In its first year of operation, Fairmont, is 7-1 in girls' basketball. Although the Huskies are Division V-A, they had a Brea-like week; they won their three varsity games last week by a combined score of 171-13. Fairmont, competing against schools similar in size to its 70-student population, defeated Long Beach Praise Temple twice, 61-4, 53-3, and Walnut Christian Chapel, 57-6.

"It looks like we're running up the score, but we're really not trying to," Coach Scott Eskelson said. "We just have more talent than they do. We only have six girls--it's not like we can play with four."

The Huskies won't be in the playoffs, though; they didn't play enough varsity games to qualify.


Trabuco Hills' Rob Warnick might have good vision on the court, but, on the trail, he's far from 20/20.

Warnick, an Eagle Scout, took a group of his teammates on a nature hike a few weeks back. The results took a little time to heal.

Everyone, including Warnick, came down with a rash, thanks to some poison oak Warnick led them through. They've played with the condition for the last five games.

"Some Eagle Scout," Coach Rainer Wulf said. "He can't even recognize poison oak."


For those with their eyes on the Southern Section basketball playoffs, qualifying isn't as hard as you might think. Nor is it that easy.

There are 10 division brackets--I-AA and I-A all the way down to V-AA and V-A--and each bracket will have as many as 32 teams. If a team finishes in the top half of its league, it automatically qualifies for the playoffs.

If the brackets need further filling out, wild-card teams will be selected by section administrators. A team has to win at least 10 games to be eligible, and among the deciding factors are overall record and strength of opponents. Usually there are six to 12 wild-card teams in each bracket.

Teams from the same leagues do not necessarily participate in the same playoff bracket. Placement is based on enrollment. For example, Tustin plays in Division II-A while fellow Golden West League member Servite plays in Division III-AA.

All leagues must report their final standings after Friday's games. If there is a tie, and the league determines a playoff is needed, those games must be completed by 5 p.m. Saturday. The section will announce the boys' pairings on Sunday and the girls' pairings on Monday.

In addition, boys' and girls' soccer and wrestling pairings will be announced Monday.


There's no doubt about the pivotal game of the season for two girls' basketball teams in the Orange League. Western was two games over .500 a few weeks ago and trailed Magnolia (which was 13-3) by six points entering the fourth quarter; the Pioneers outscored the Sentinels, 19-0, to win. Western's victory pulled it into a second-place tie with Magnolia at 4-1 in the Orange League; the teams are still tied (at 5-3) and play tonight at Western with a probable automatic playoff berth on the line. This time, it's Magnolia (15-6, 5-3) that's in a must-win situation because it plays unbeaten Brea Olinda (22-2, 8-0) on Thursday while Western (11-8, 5-3) plays winless Anaheim (3-15, 0-8).

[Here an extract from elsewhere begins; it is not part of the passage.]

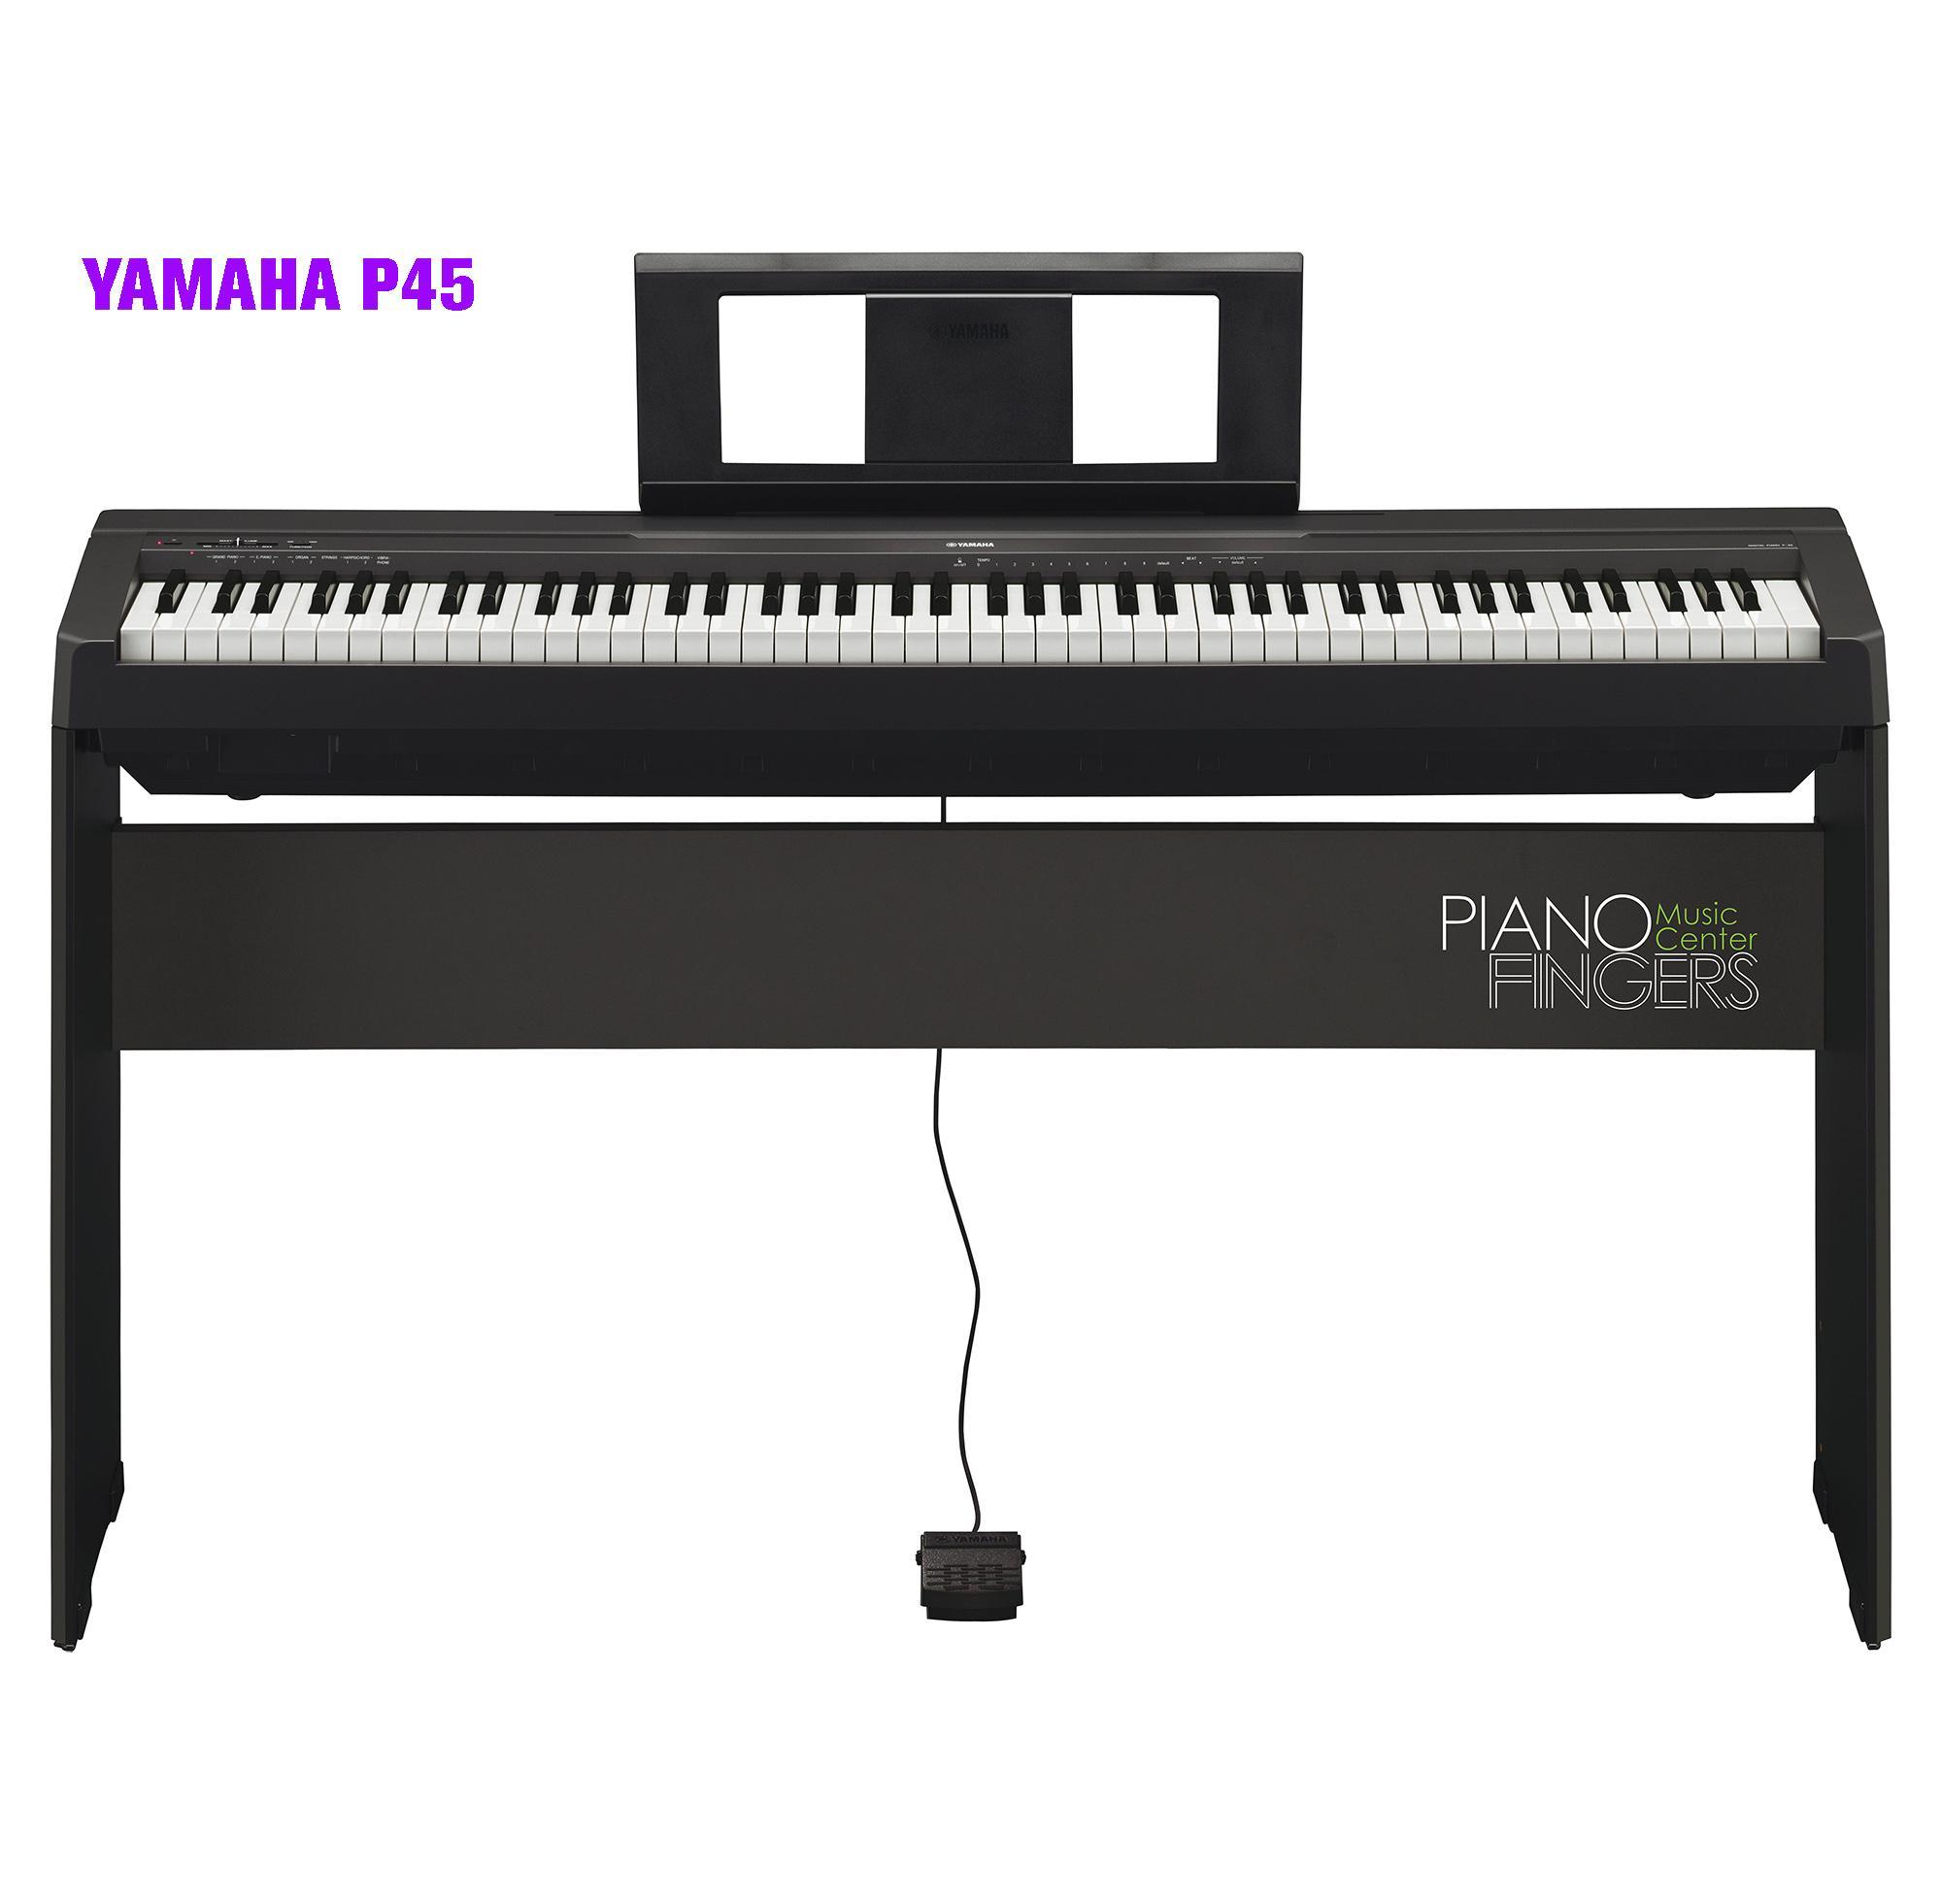 Digital piano Yamaha P45+L85 - Piano Fingers

Pacifica's 37-35 victory over Garden Grove assured that for the second consecutive year, the Garden Grove League girls' basketball champion would not go unbeaten--in marked contrast to previous years. The league champion had been undefeated the previous eight seasons; La Quinta was unbeaten the first four years, Rancho Alamitos the next four years. La Quinta and Rancho Alamitos tied last year with one loss.

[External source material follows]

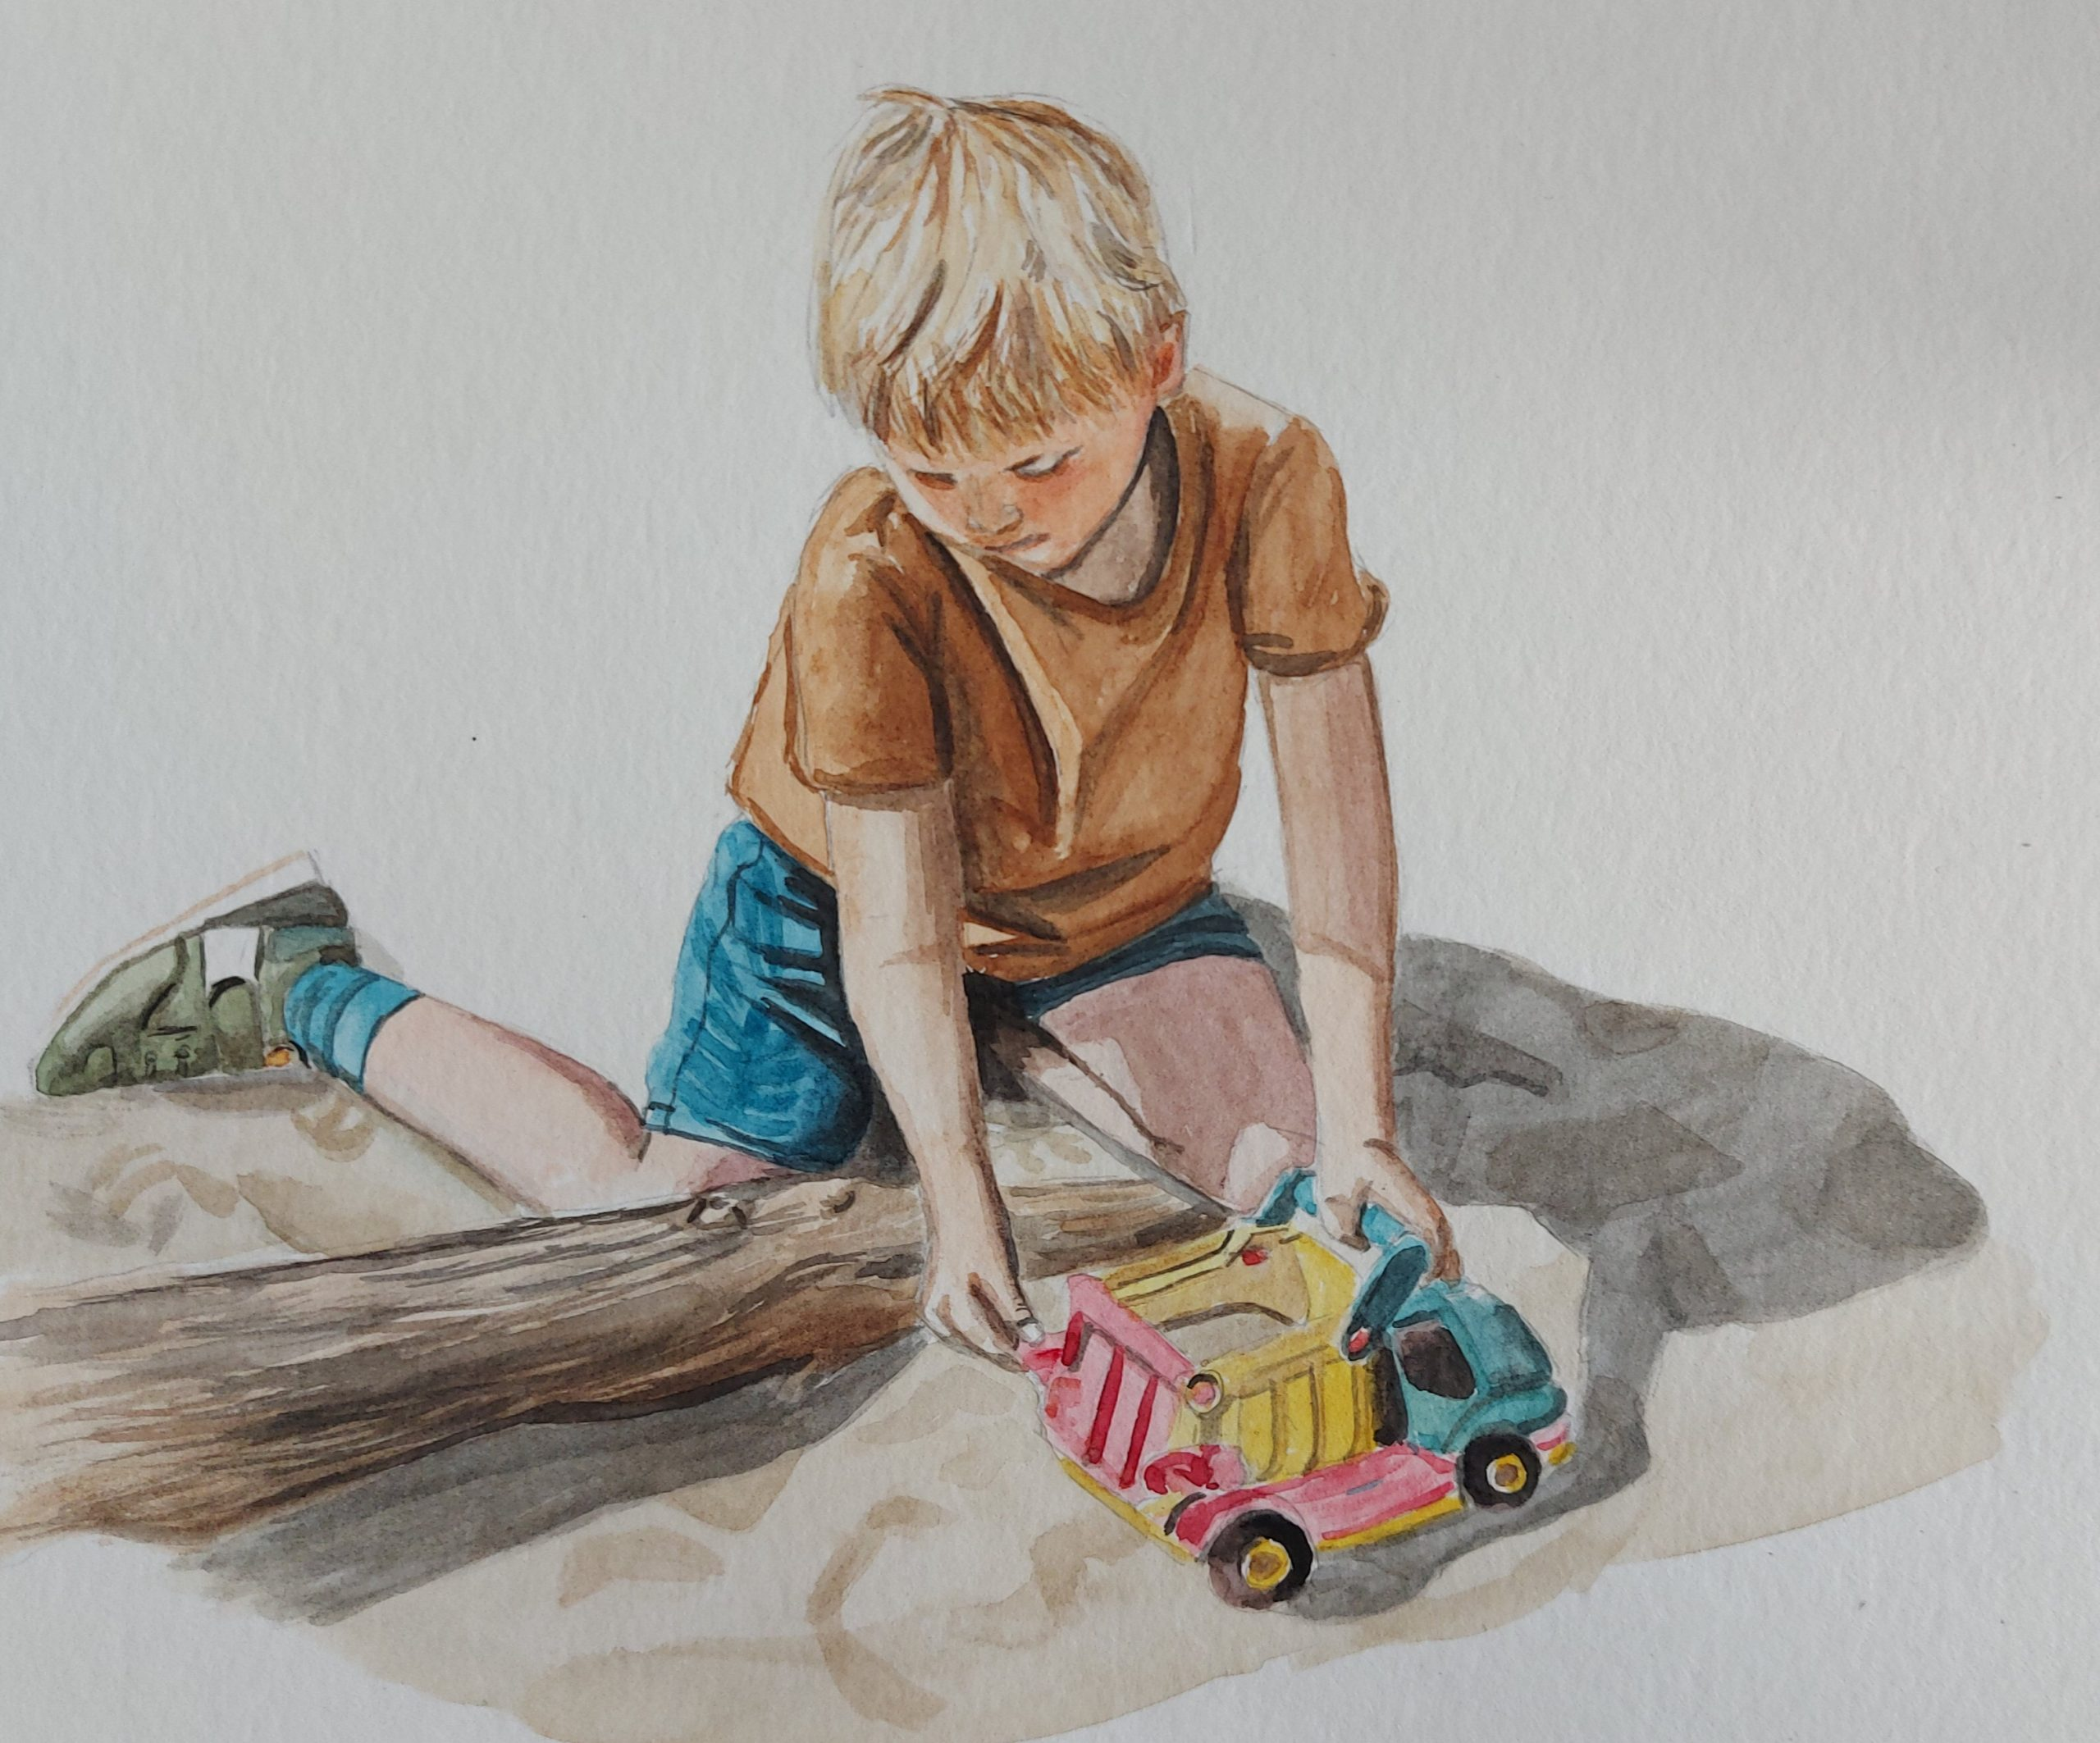 Odin in het zand – aquarel op papier – eigen werk

Pacifica tries hard to recruit young fans. Before every boys' basketball home game, as the starters are announced, they go into the stands and give a youngster a team shirt.

"We want to be a part of the community," Pacifica Coach Bob Becker said. "It's kind of like Brea Olinda, where you have all those little girls who want to grow up to be Ladycats."

Times staff writers Chris Foster and Mike Terry contributed to this story.